Дождавшись голосистого друга, я со всех ног мчался к Жуковым, чтобы упредить Ваньку и первым сообщить ему:
– Вань… Вань! Скворцы прилетели!…
– Подумаешь – у нас тоже! – мгновенно парировал мой приятель. – Ищо вчерась!
– Поди, врешь? – несколько огорошенный, спрашивая я.
– Ей-богу! Вот те крест! – Ванька крестился, но, видя, что этого слишко мало, чтобы я поверил, тут же добавлял: – Честное пионерское!..
Мать Ванькина, как и всякая мать, не любила, когда дети ее лгут, говорят неправду, сокрушенно вздыхала и, грозя сыну ухватом, говорила с горьким упреком:
– Врешь ведь, шельма. Ты и во двор-то не выходил ни вчерась, ни нынче.
– Я слыхал, мам.
– Ничего ты не слыхал. Матери-то хотя бы не врал! А еще пионером называешься. Эх ты!
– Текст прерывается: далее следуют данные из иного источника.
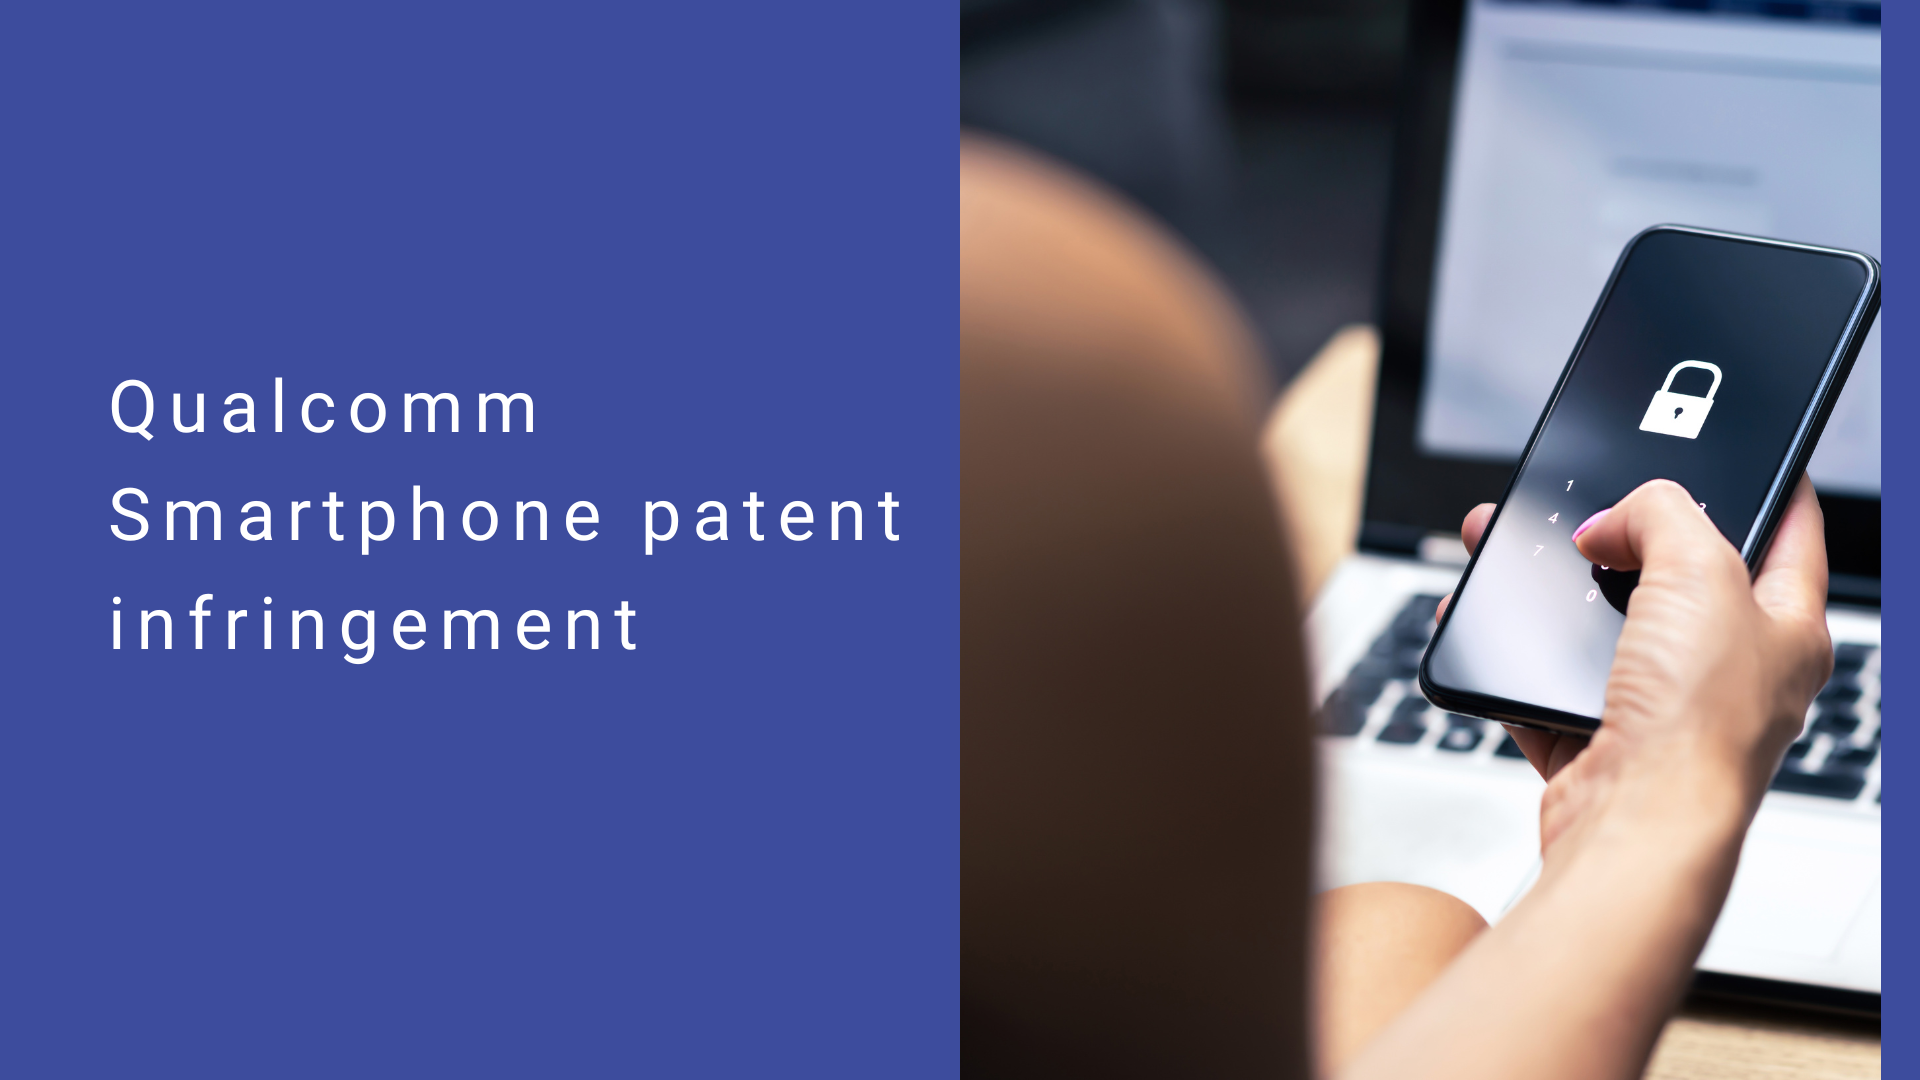 Qualcomm Smartphone patent infringement

– Можа, и вправду слыхал, теть Вера! – вступался я за своего дружка.
– Ах, да ну вас совсем. Мне бы ваши заботы! – И Ванькина мать демонстративно уходила к печке, гремя там ухватами и кочергой.
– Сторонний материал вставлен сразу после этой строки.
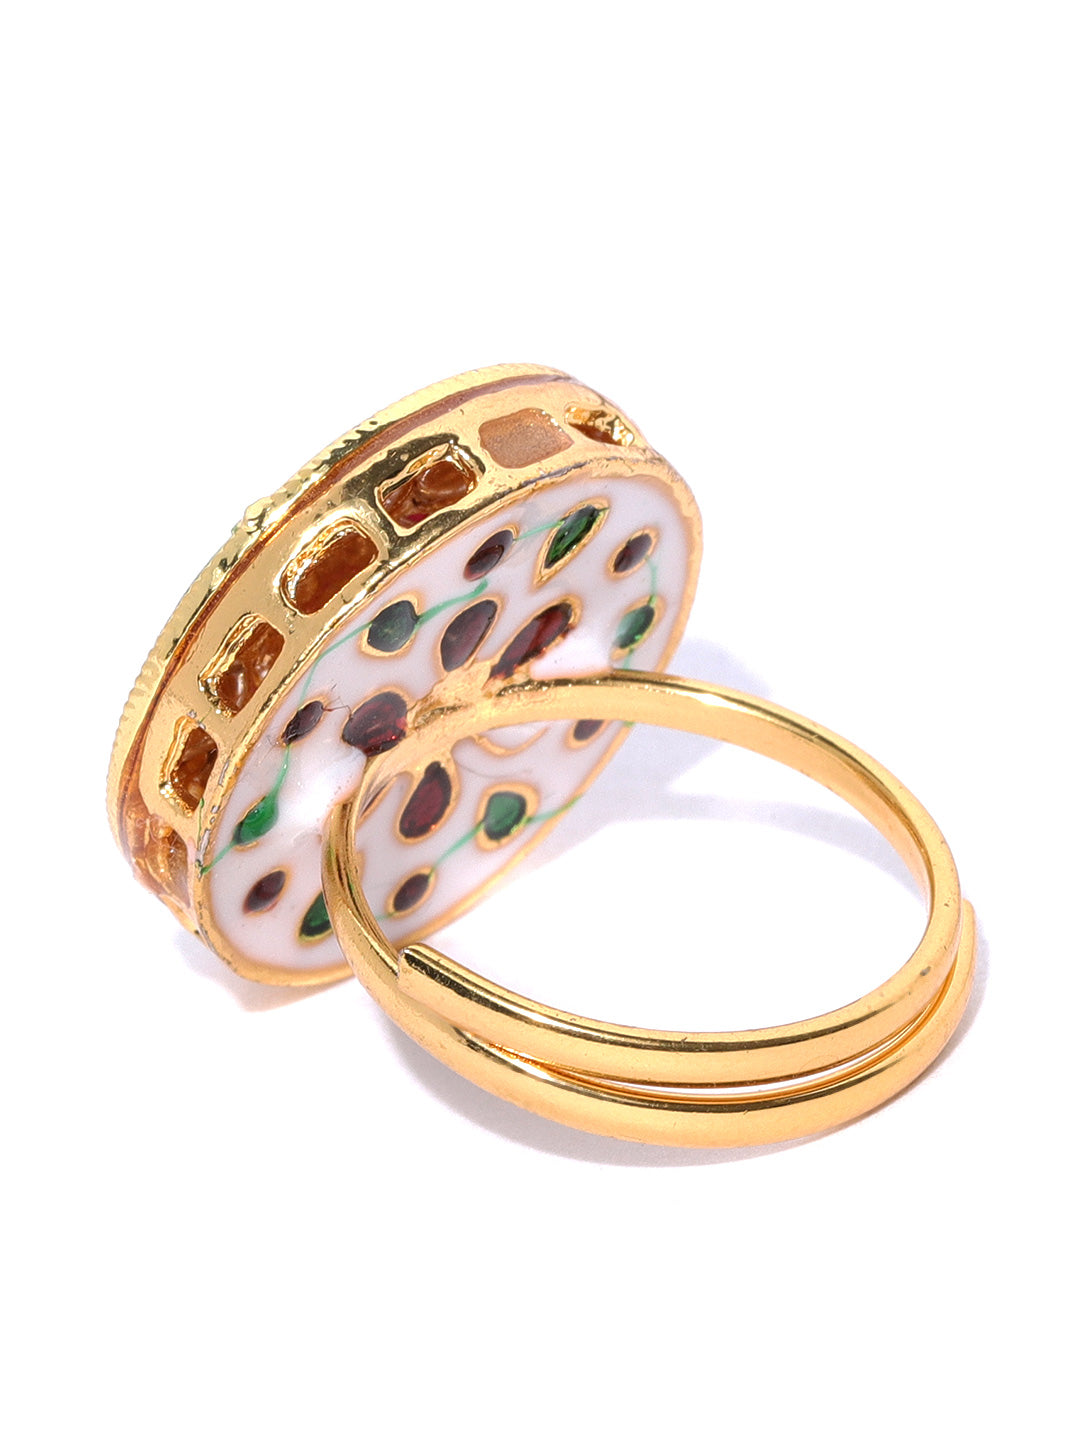 Stuller Rosary Ring R16644:166293:P 10KY - Rings | Jewelry Design Studio |  Jensen Beach, FL

Мы выбегали во двор, взбирались на завалинку и, задравши головы, ждали появления Ванькиных скворцов. В душе мне было жалко своего товарища, вынужденного из самолюбия лгать, и я наблюдал за его скворечником с не меньшим, чем он, нетерпением. И когда птица с лета, без всяких предостережений, нырнула в новый и потому незнакомый еще для нее домик, закричал первым и громче Ванькиного:
– Прилетел! Прилетел!.. Вань, видал?.. При-ле-те-э-э-л!
– Да не ори ты так, Миш! – Ванька придерживал меня за рукав, будто я собирался взлететь на ветлу, где крепился скворечник. – Спугнешь еще!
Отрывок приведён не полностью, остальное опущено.